Nepal Faces Nationwide Internet Outage Amid Payment Disagreement

Nepal Faces Nationwide Internet Outage Amid Payment Disagreement

Many Nepali residents are experiencing internet outages because of a disagreement over payments between local internet service providers (ISPs) and Indian suppliers who provide them with internet capacity. This has caused disorder in Nepal's internet system, leading to widespread frustration and disconnection since Thursday evening.

The crux of the issue lies in a disagreement over foreign exchange. The Ministry of Communication and Information Technology (MoCIT) has been withholding approval for ISPs to access foreign currency needed to pay for international internet bandwidth from Indian companies. This action is a result of ISPs owing outstanding royalties and internet maintenance fees (RTDF). However, the Ministry's attempt to collect these fees has backfired, causing a nationwide internet outage.

Faced with delayed payments, Indian upstream service providers like Airtel have stopped supplying bandwidth altogether. This has significantly impacted major ISPs like Worldlink, Subisu, Vianet, and CG Net.
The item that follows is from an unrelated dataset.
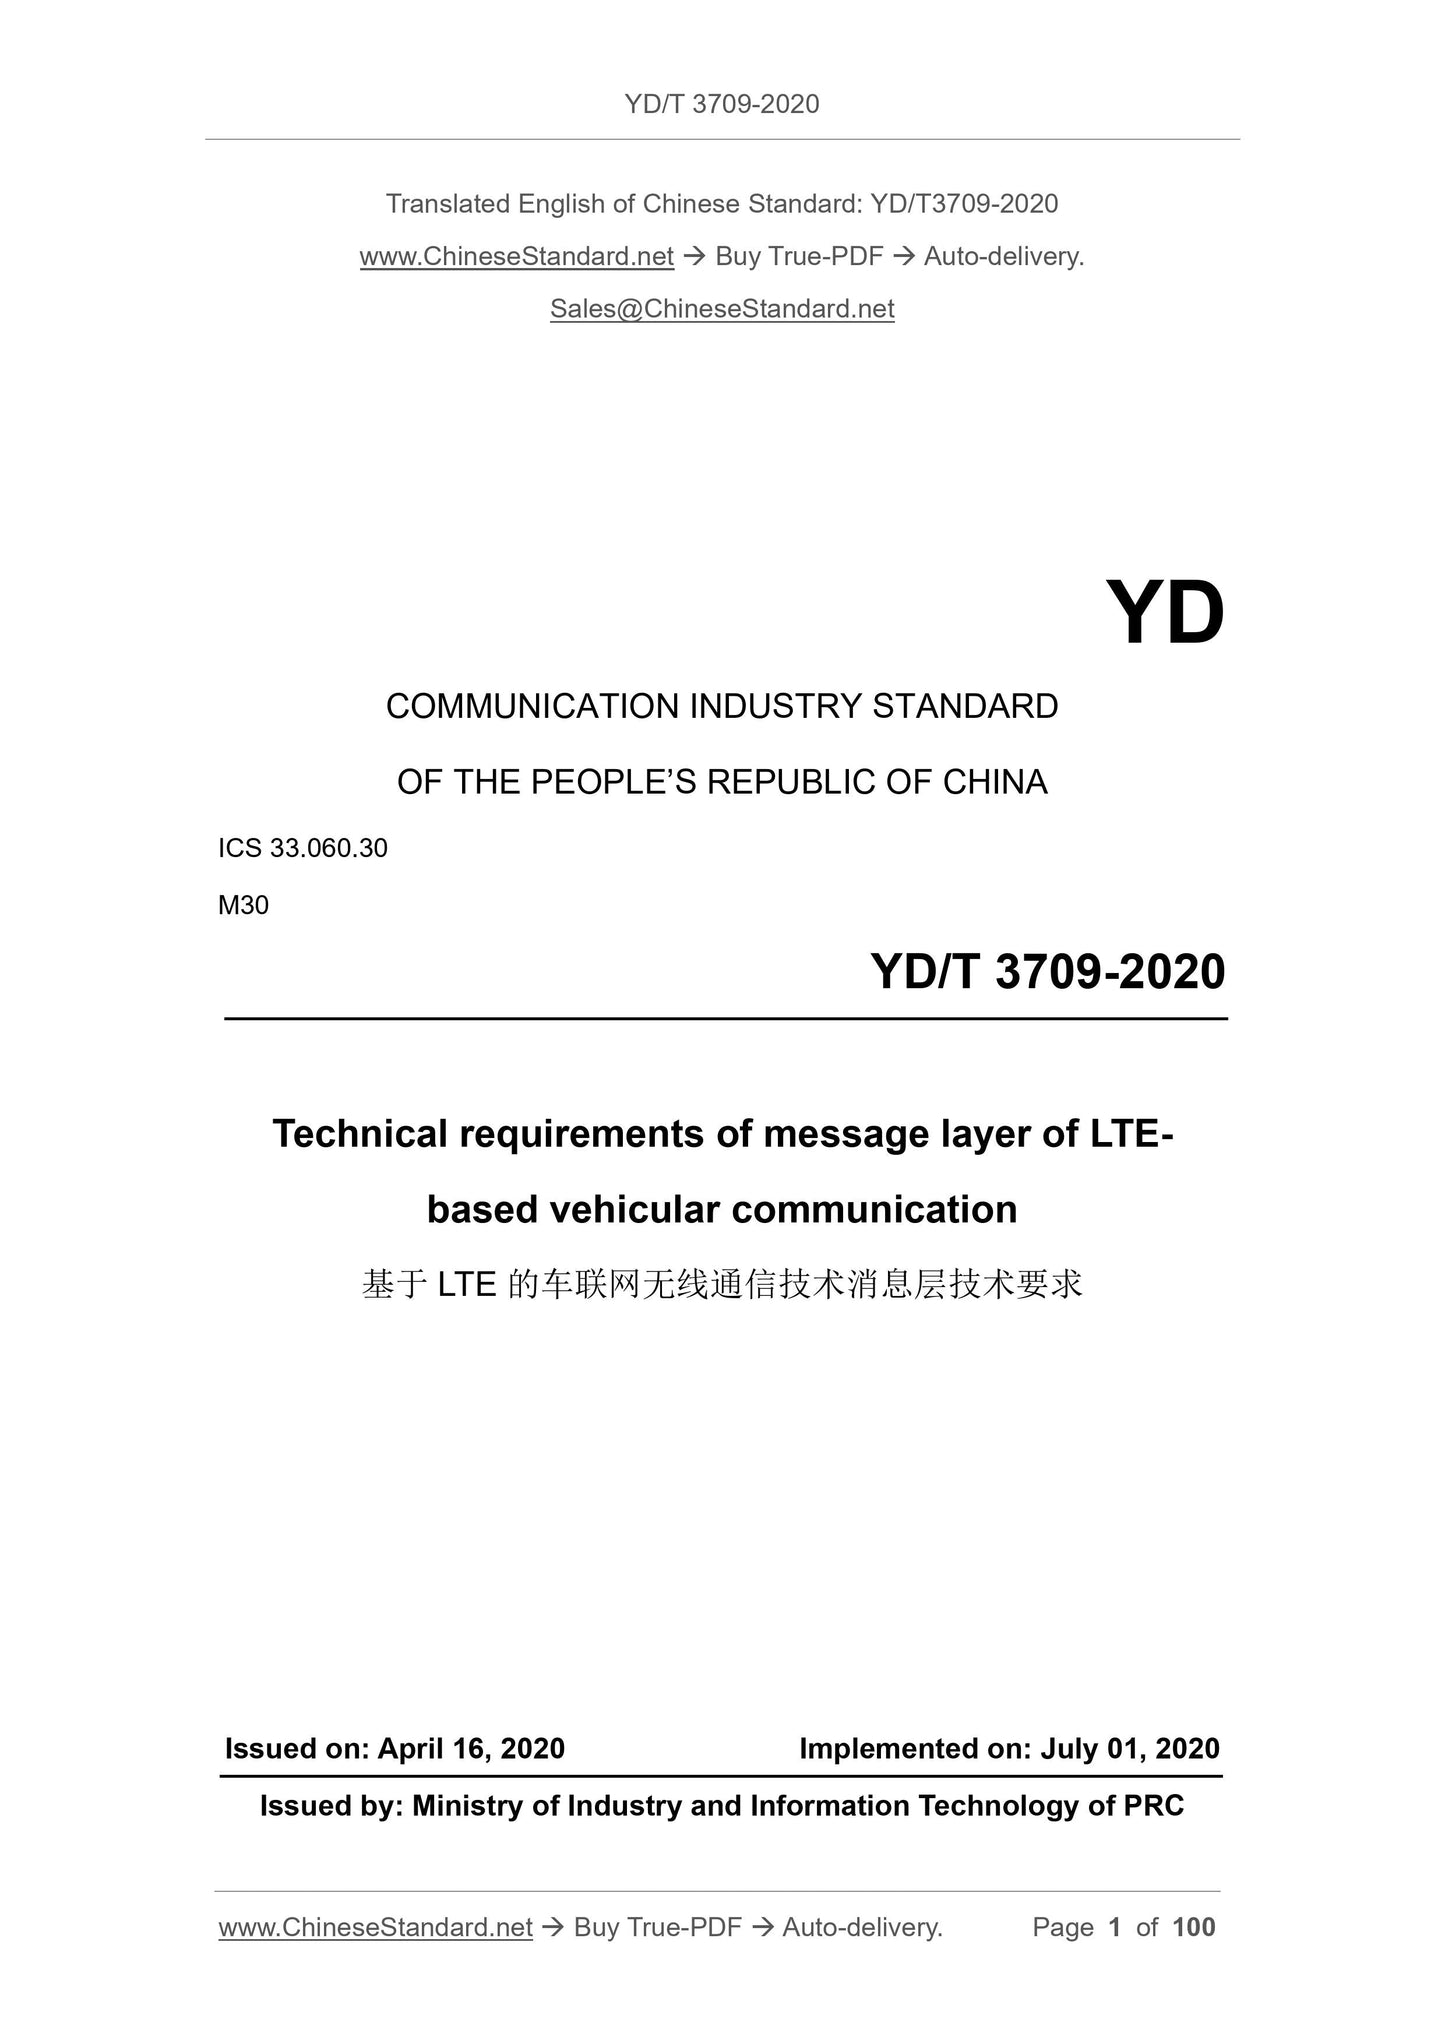 YD/T 3709-2020 Page 1

While alternative providers exist, their capacity is insufficient, resulting in slow internet speeds for many users.

The current situation is not a recent development. Indian suppliers have been urging Nepali ISPs to resolve their financial obligations for nearly a year. The Nepal Telecommunication Authority (NTA) has also cautioned the Ministry of Communication and Information Technology (MoCIT) about the possible repercussions of withholding foreign currency. Regrettably, the Ministry's insistence on receiving contested fees prior to enabling ISPs to meet their global responsibilities has resulted in significant negative outcomes.

The timing of the disruption couldn't be worse. It coincides with Nepal's National Information and Communication Technology Day, highlighting the nation's dependence on a vulnerable internet infrastructure. Estimates suggest over 7 million internet users are affected, disrupting businesses, education, and communication across the country.

As expected, blame is being cast. The Association of Internet Service Providers (ISPAN) accuses MoCIT of triggering the crisis with its "immature actions." They argue that withholding foreign exchange left ISPs with no choice but to default on payments, leading to the Indian shutdown. MoCIT, on the other hand, remains focused on collecting the disputed fees.

Indian bandwidth providers are owed millions of rupees, with the outstanding amount reaching an estimated 3 billion rupees. Warnings of disruption were issued months ago, but the government's intervention initially prevented a complete shutdown. However, stalled negotiations have escalated the situation, leaving millions disconnected.

Finding a solution is crucial. ISPAN urges the government to prioritize service restoration and address the fee dispute later. A potential compromise could involve allowing ISPs to resume payments while negotiating the validity of the fees. However, long-term stability requires resolving the royalty and RTDF calculations and establishing a smoother mechanism for foreign exchange approvals.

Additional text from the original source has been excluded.